• Exercise requirements
Every line from the one containing "The West London" to the end of the data below should be copied exactly, but pictures should not.

• Data provided

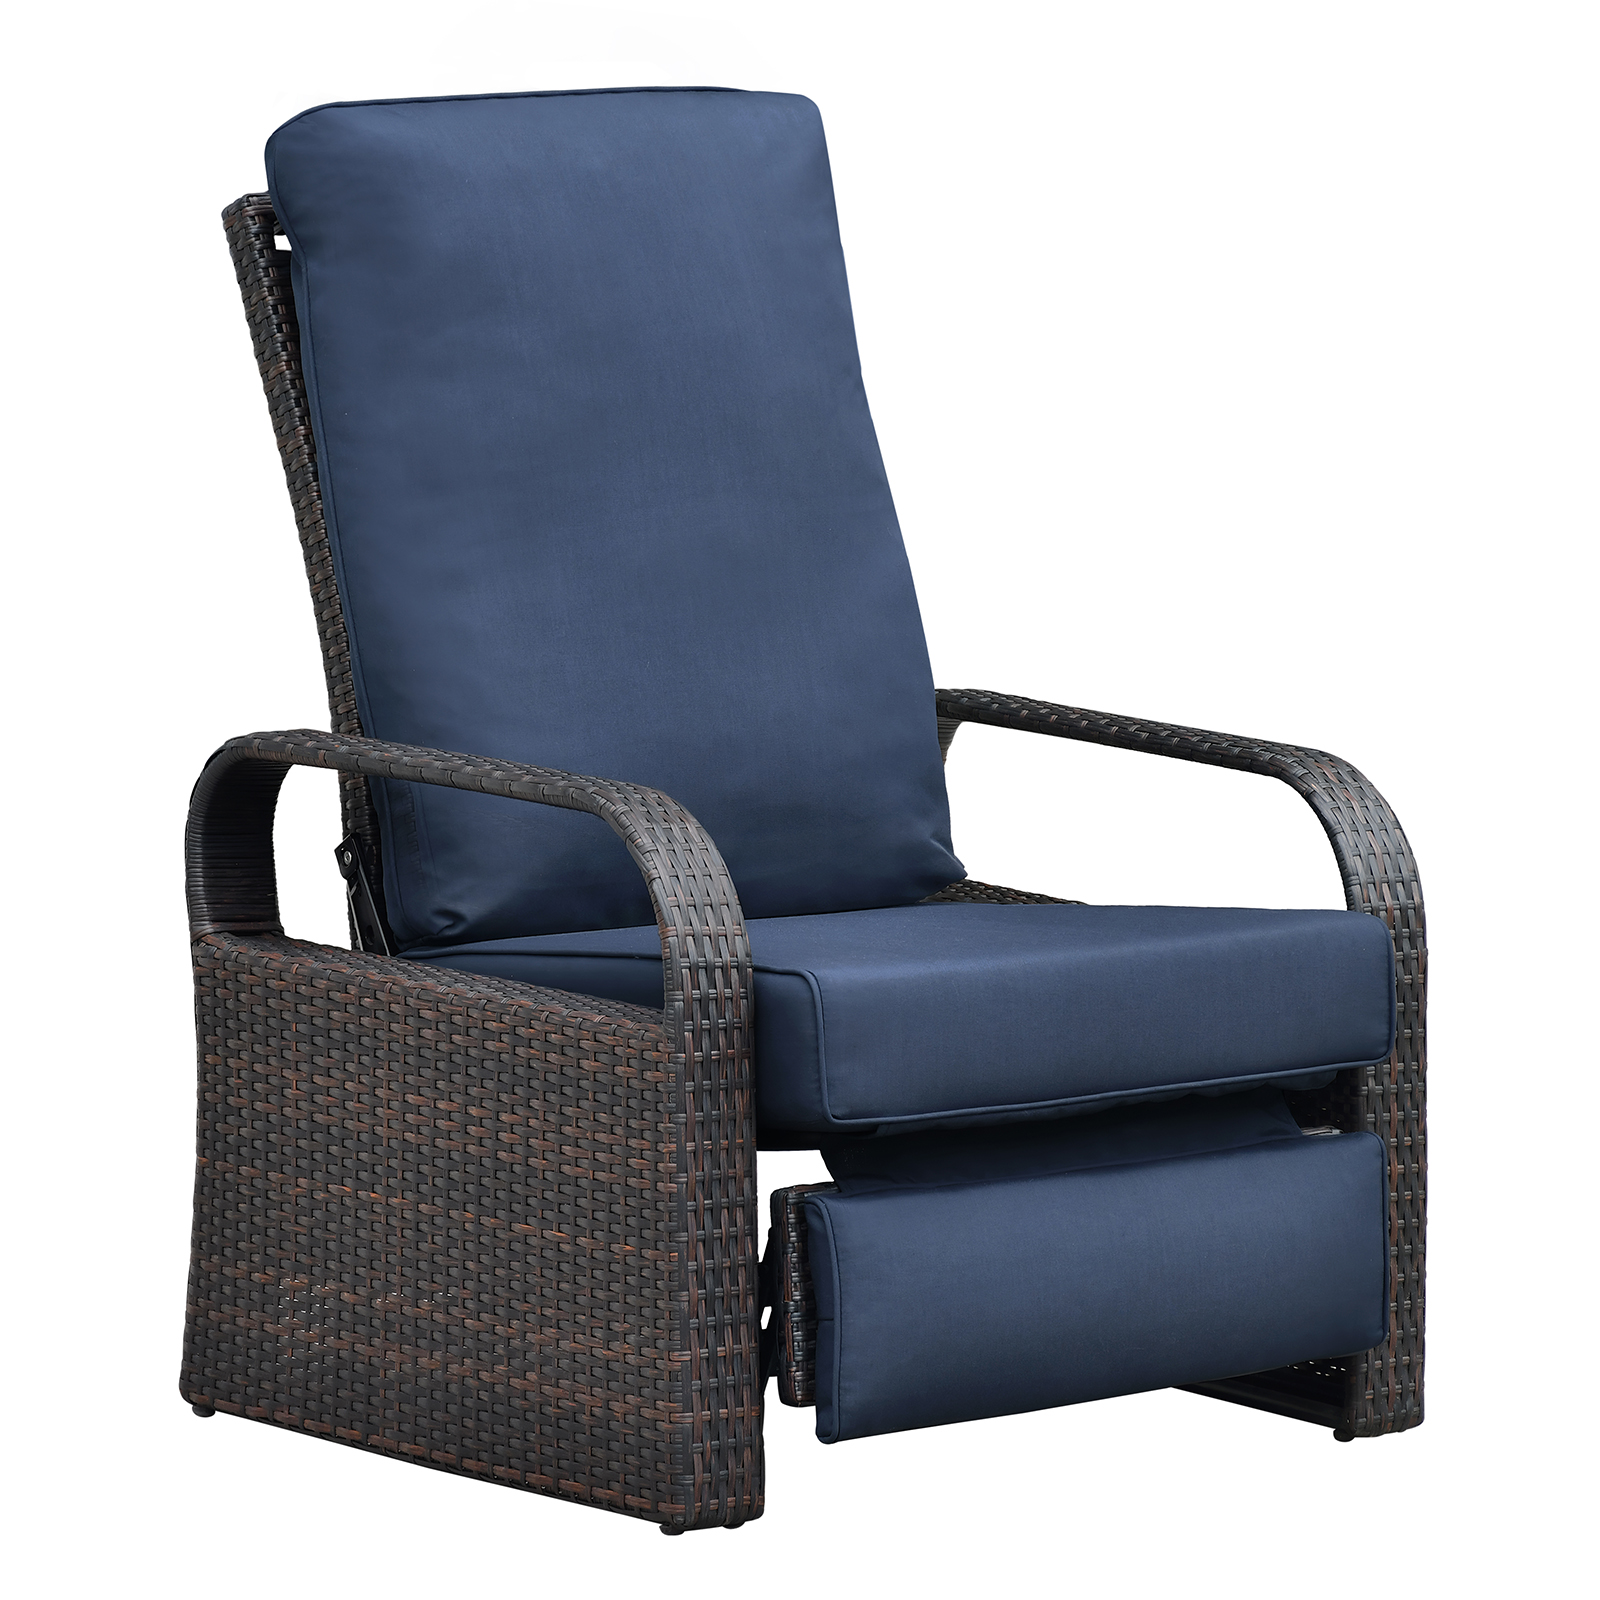 ATR ART to REAL Outdoor Patio Rattan Wicker Adjustable Recliner Chair with Cushion,Dark Blue - image 5 of 11
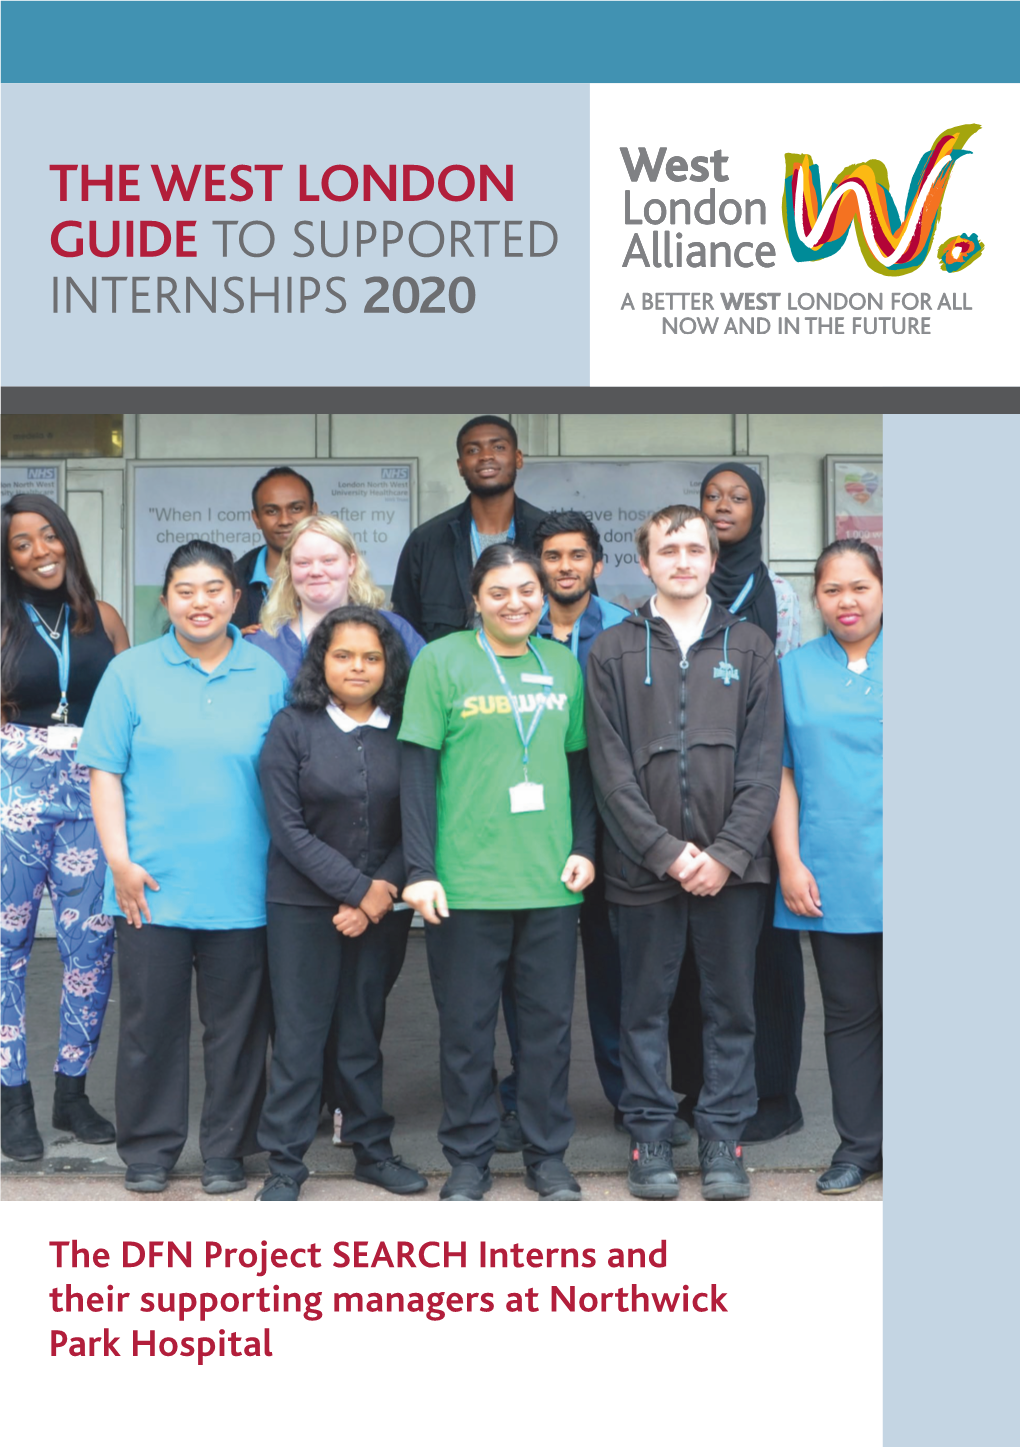 The West London Guide to Supported Internships 2020
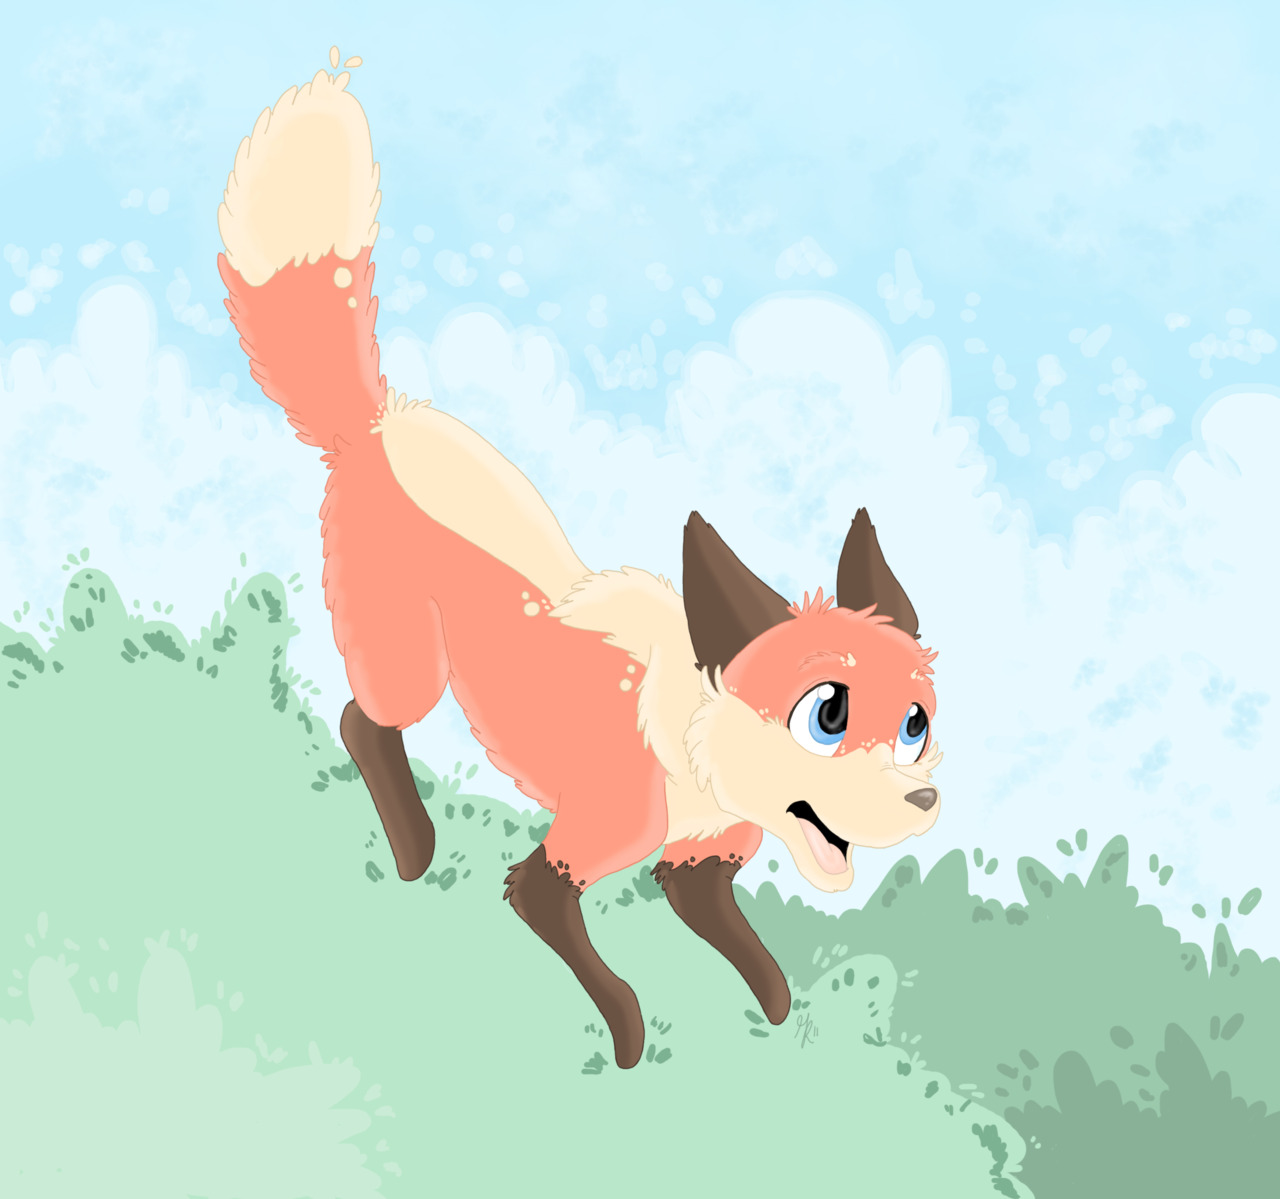 Fox thing by gillustrations
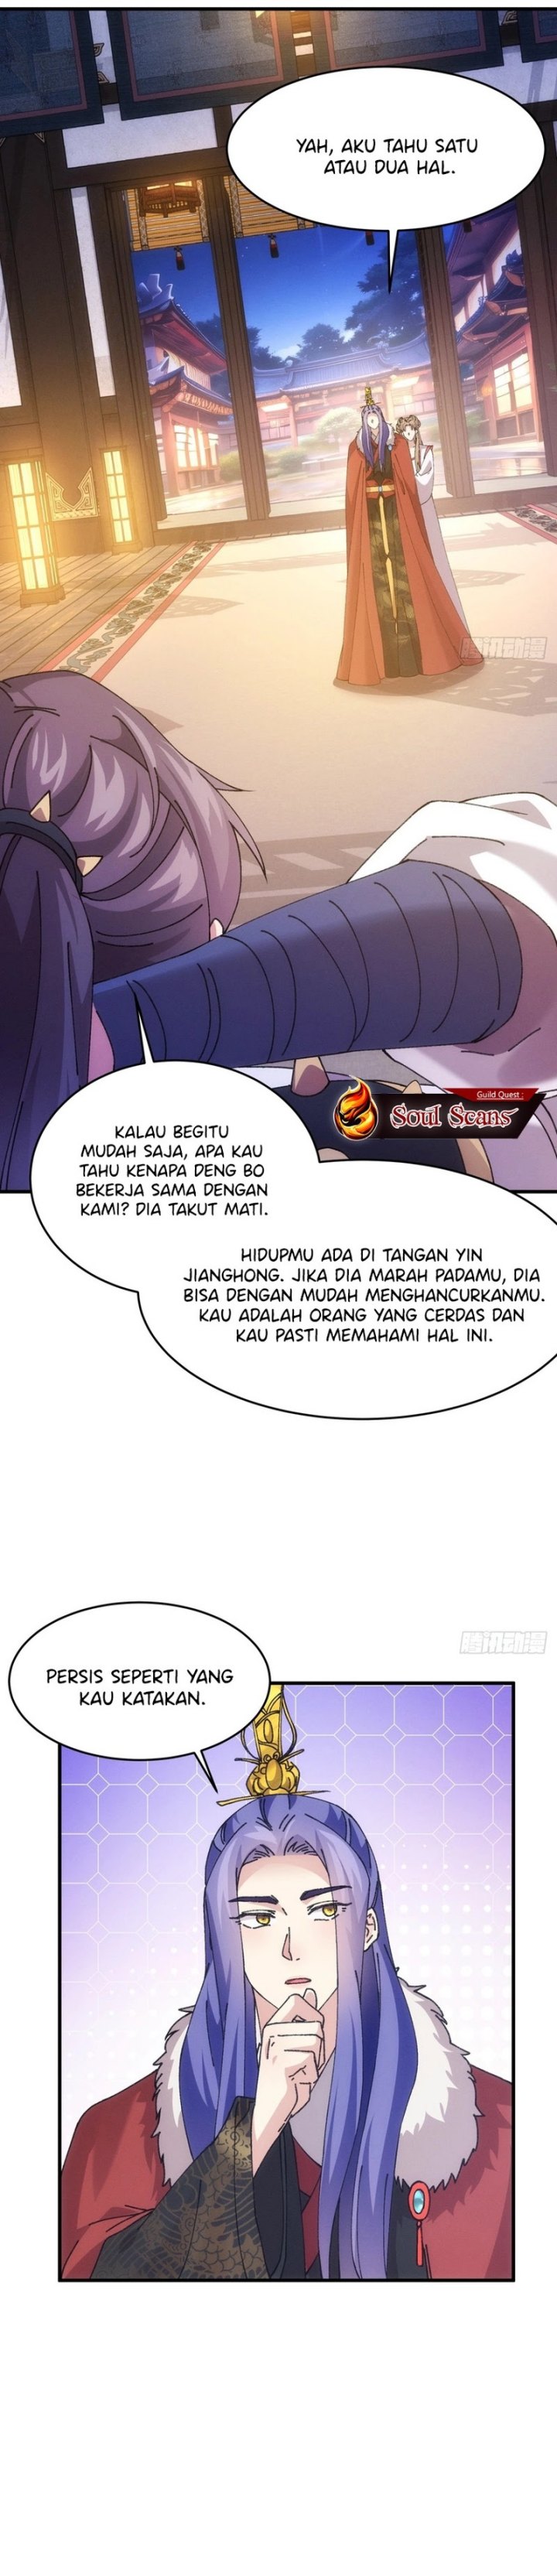 Dilarang COPAS - situs resmi www.mangacanblog.com - Komik i just dont play the card according to the routine 193 - chapter 193 194 Indonesia i just dont play the card according to the routine 193 - chapter 193 Terbaru 3|Baca Manga Komik Indonesia|Mangacan

• Answer section
 The West London Guide to Supported Internships 2020
 Fox thing by gillustrations
 Dilarang COPAS - situs resmi www.mangacanblog.com - Komik i just dont play the card according to the routine 193 - chapter 193 194 Indonesia i just dont play the card according to the routine 193 - chapter 193 Terbaru 3|Baca Manga Komik Indonesia|Mangacan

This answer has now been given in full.